─── Given information ───

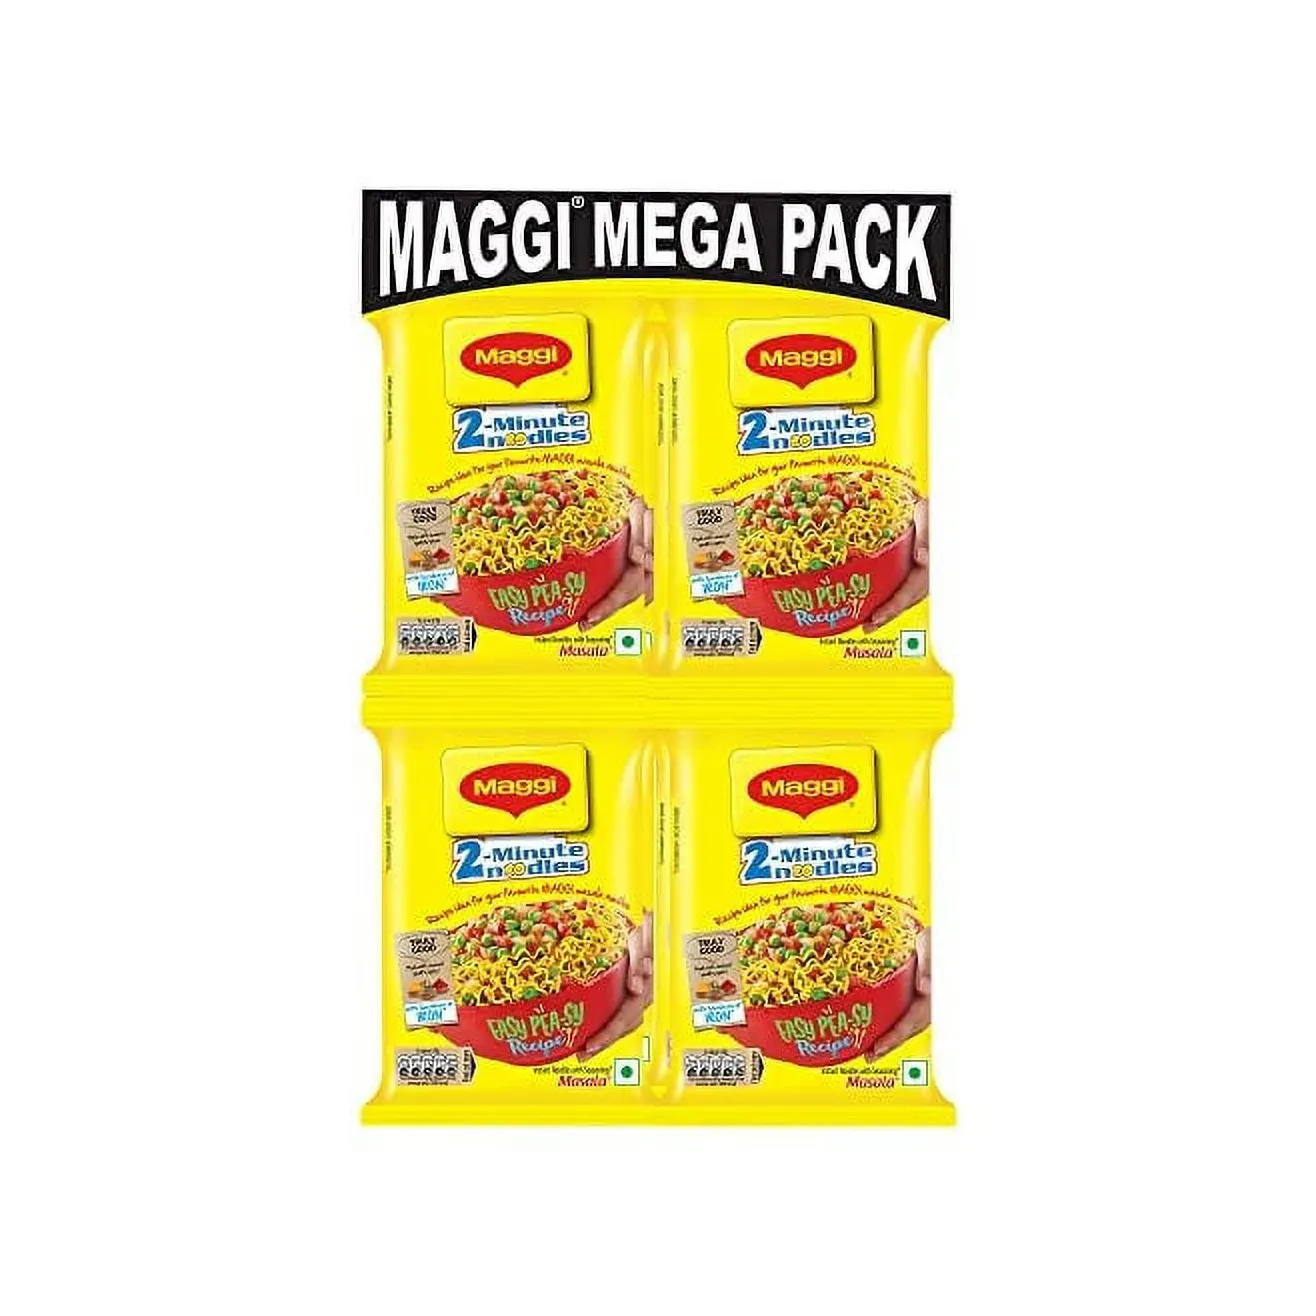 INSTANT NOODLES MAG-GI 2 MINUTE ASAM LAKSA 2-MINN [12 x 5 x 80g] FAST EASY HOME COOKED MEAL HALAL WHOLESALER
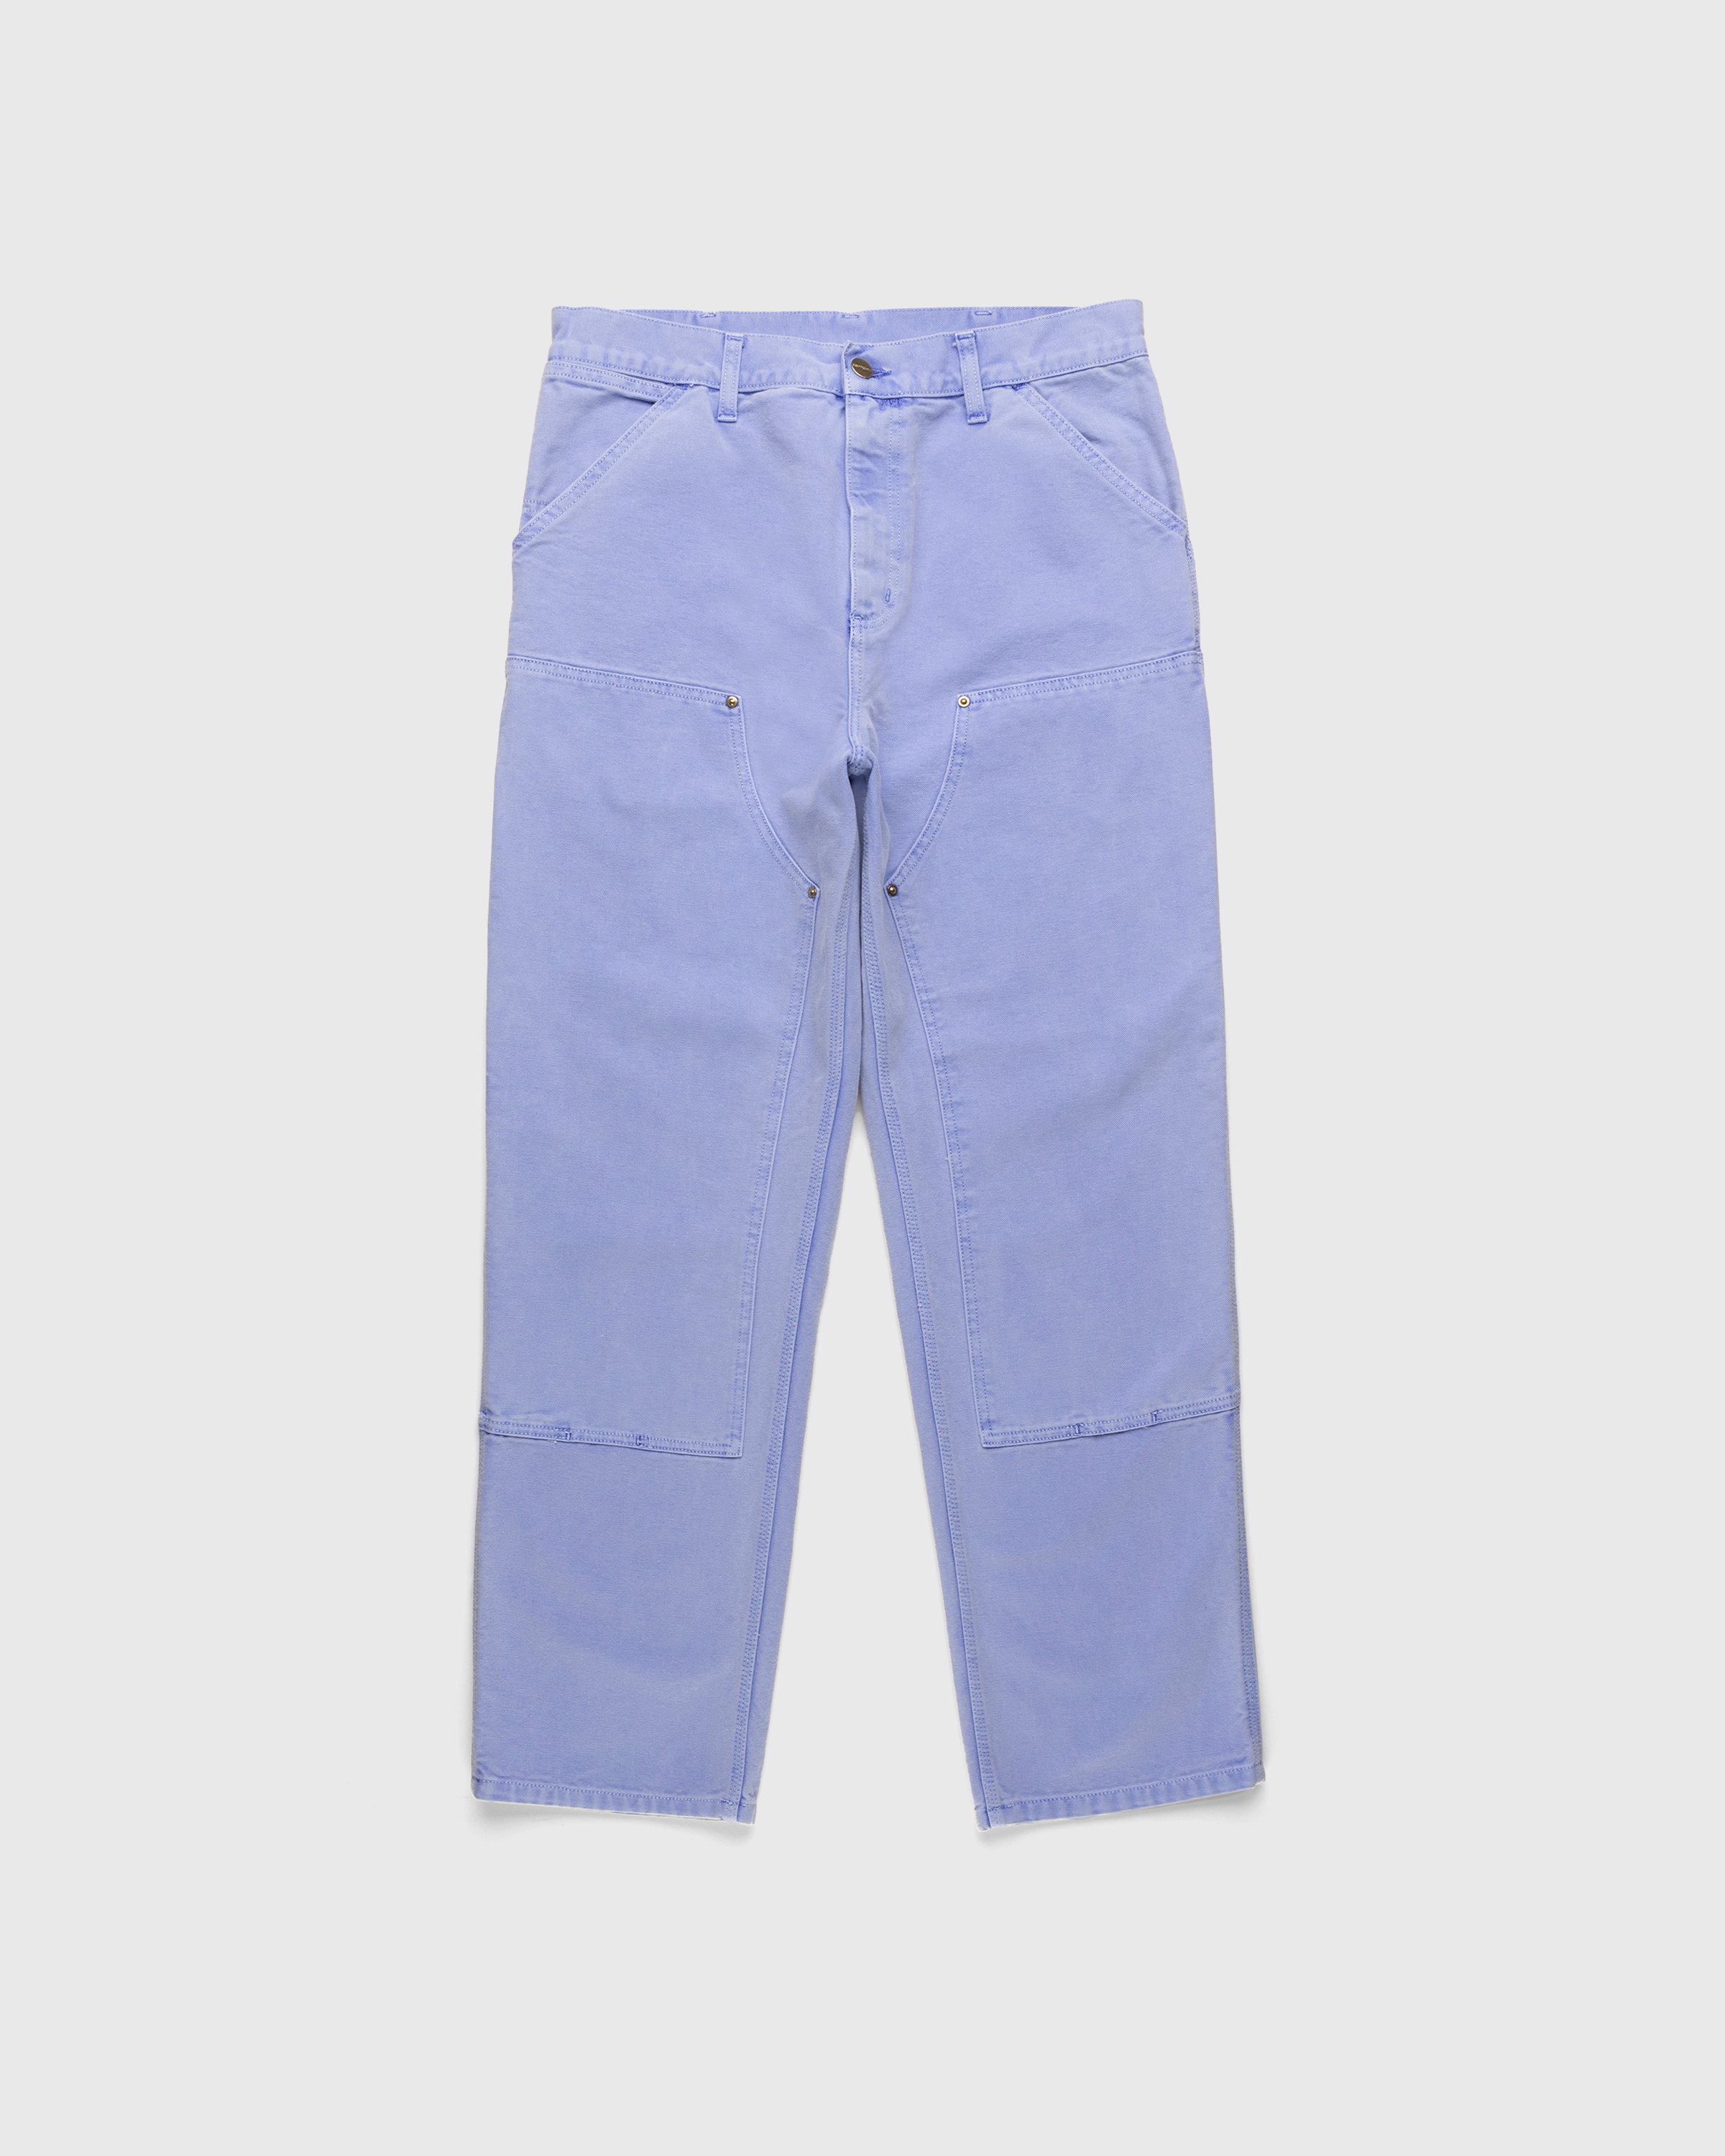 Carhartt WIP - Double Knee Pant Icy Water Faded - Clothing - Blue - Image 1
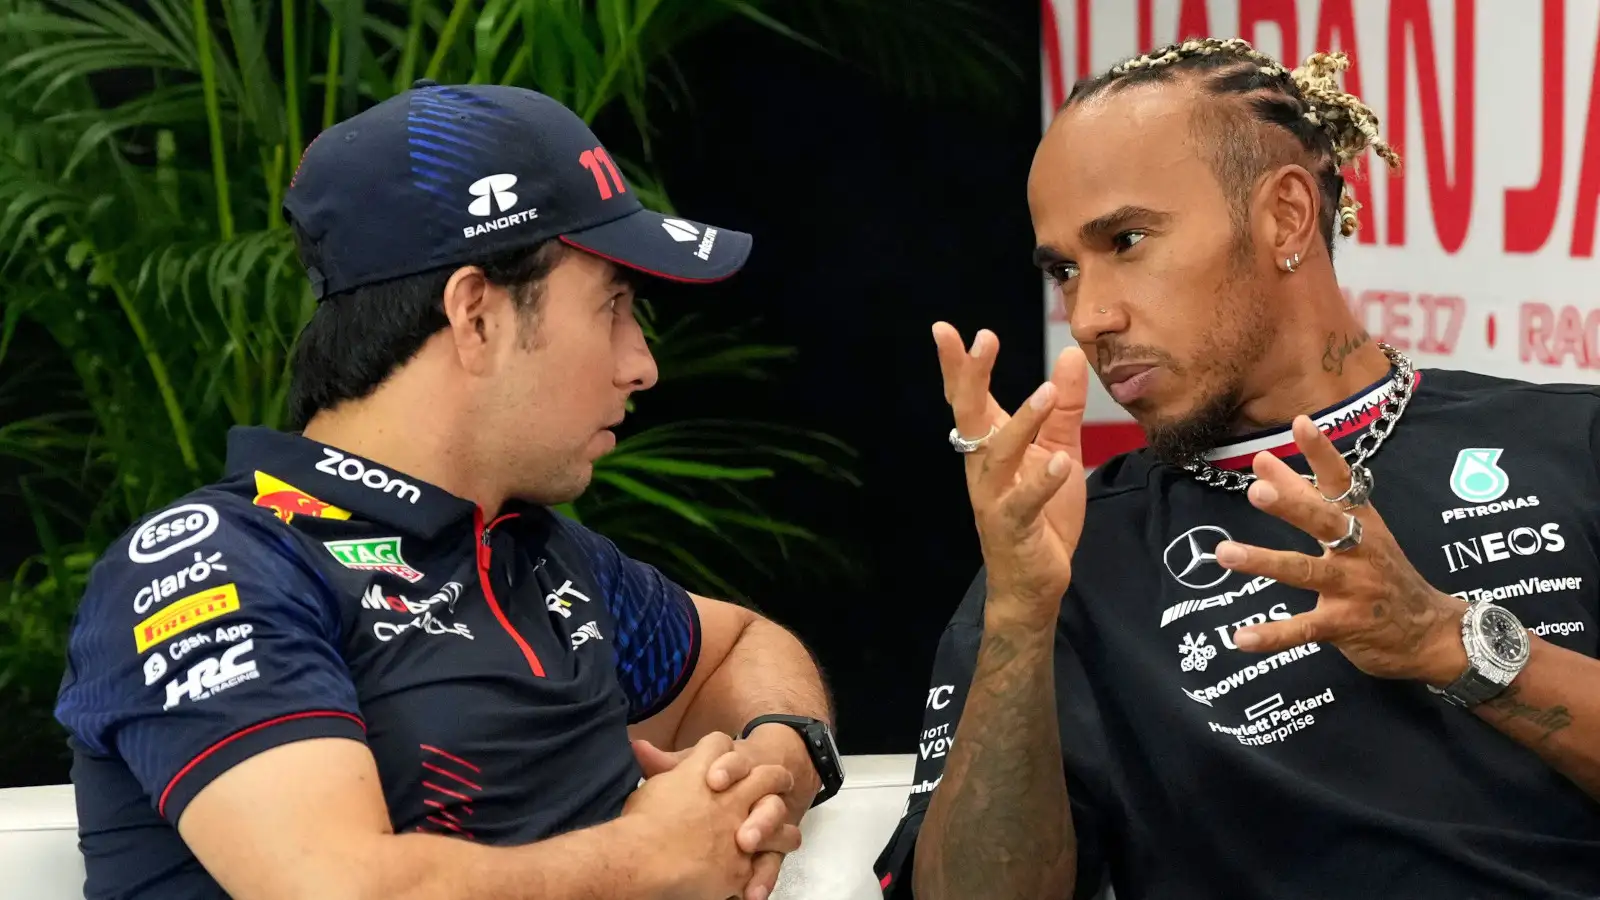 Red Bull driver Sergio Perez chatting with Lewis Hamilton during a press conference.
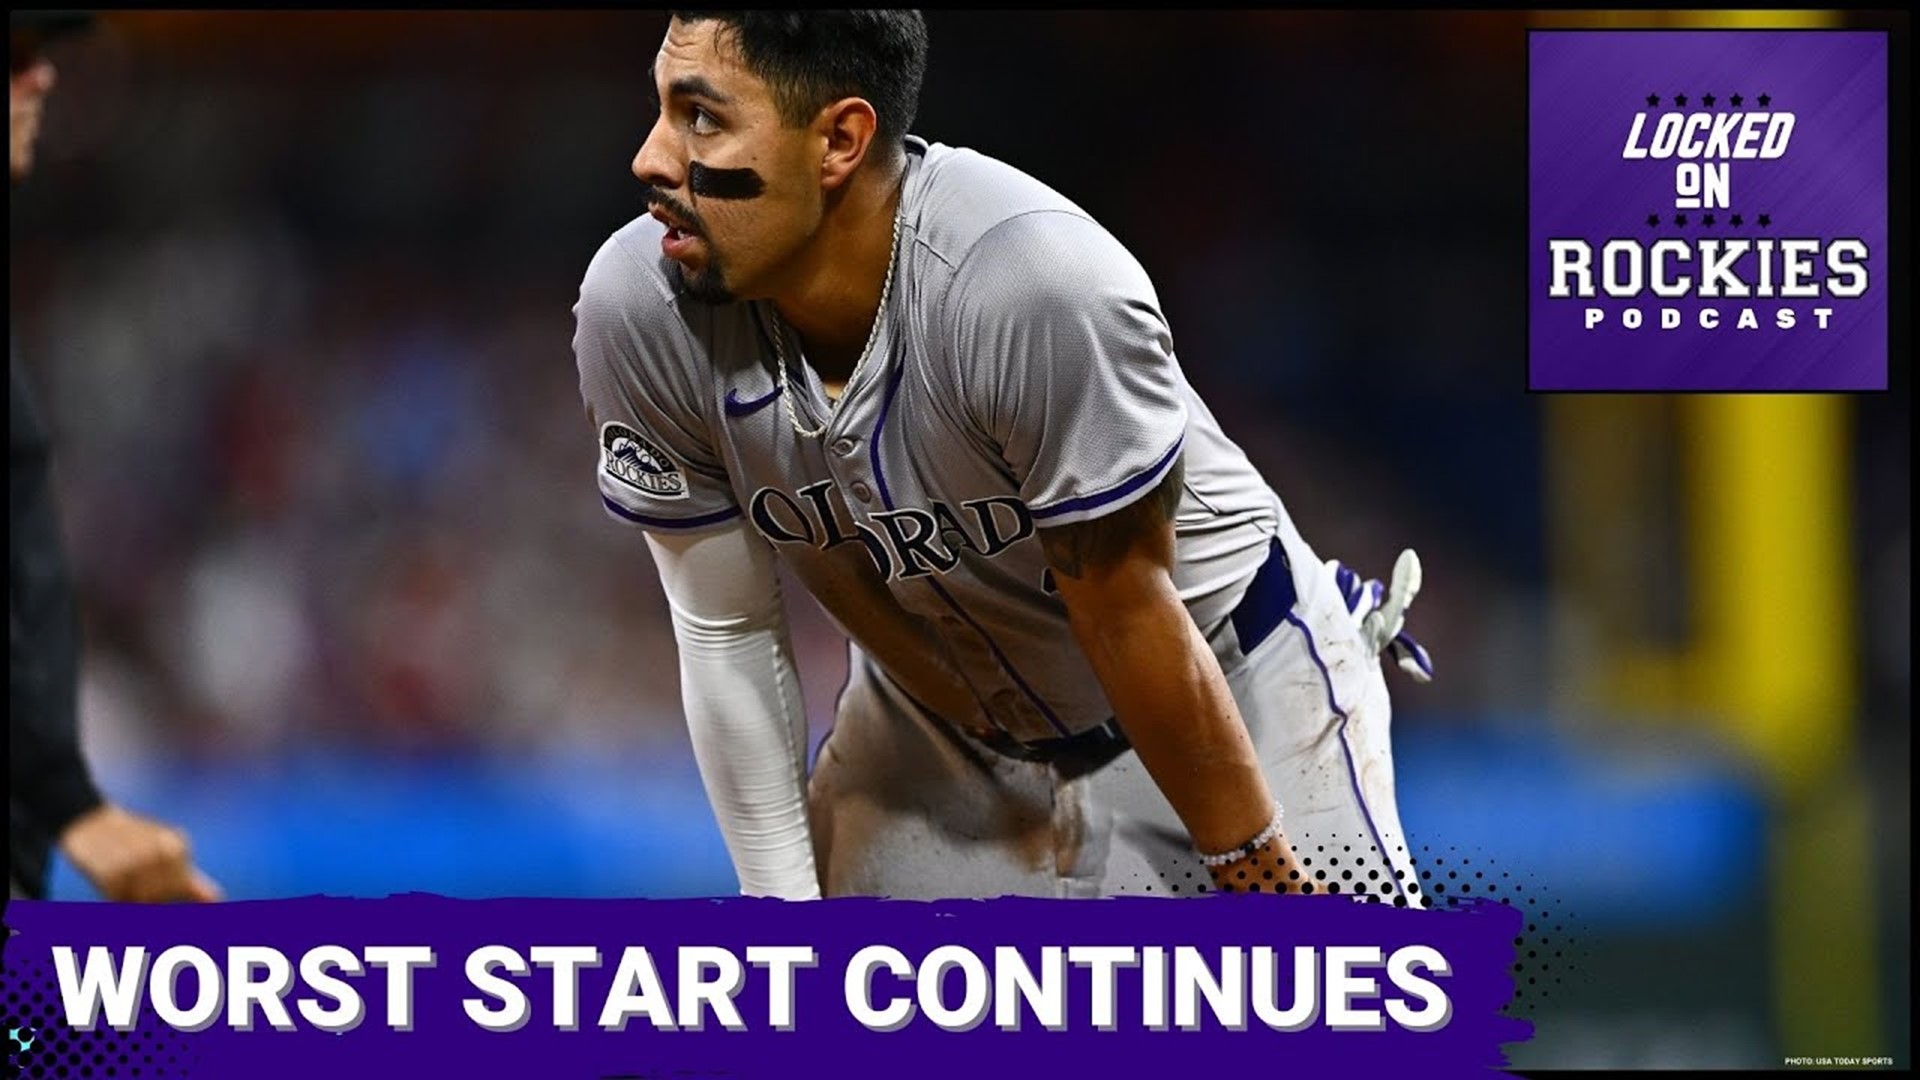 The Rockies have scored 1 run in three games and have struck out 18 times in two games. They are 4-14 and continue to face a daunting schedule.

───

Action item —
An exact copy of the material above is required, free of any pictures.

Solution for this task —
 INSTANT NOODLES MAG-GI 2 MINUTE ASAM LAKSA 2-MINN [12 x 5 x 80g] FAST EASY HOME COOKED MEAL HALAL WHOLESALER
 Carhartt WIP - Double Knee Pant Icy Water Faded - Clothing - Blue - Image 1
 Red Bull driver Sergio Perez chatting with Lewis Hamilton during a press conference.
 The Rockies have scored 1 run in three games and have struck out 18 times in two games. They are 4-14 and continue to face a daunting schedule.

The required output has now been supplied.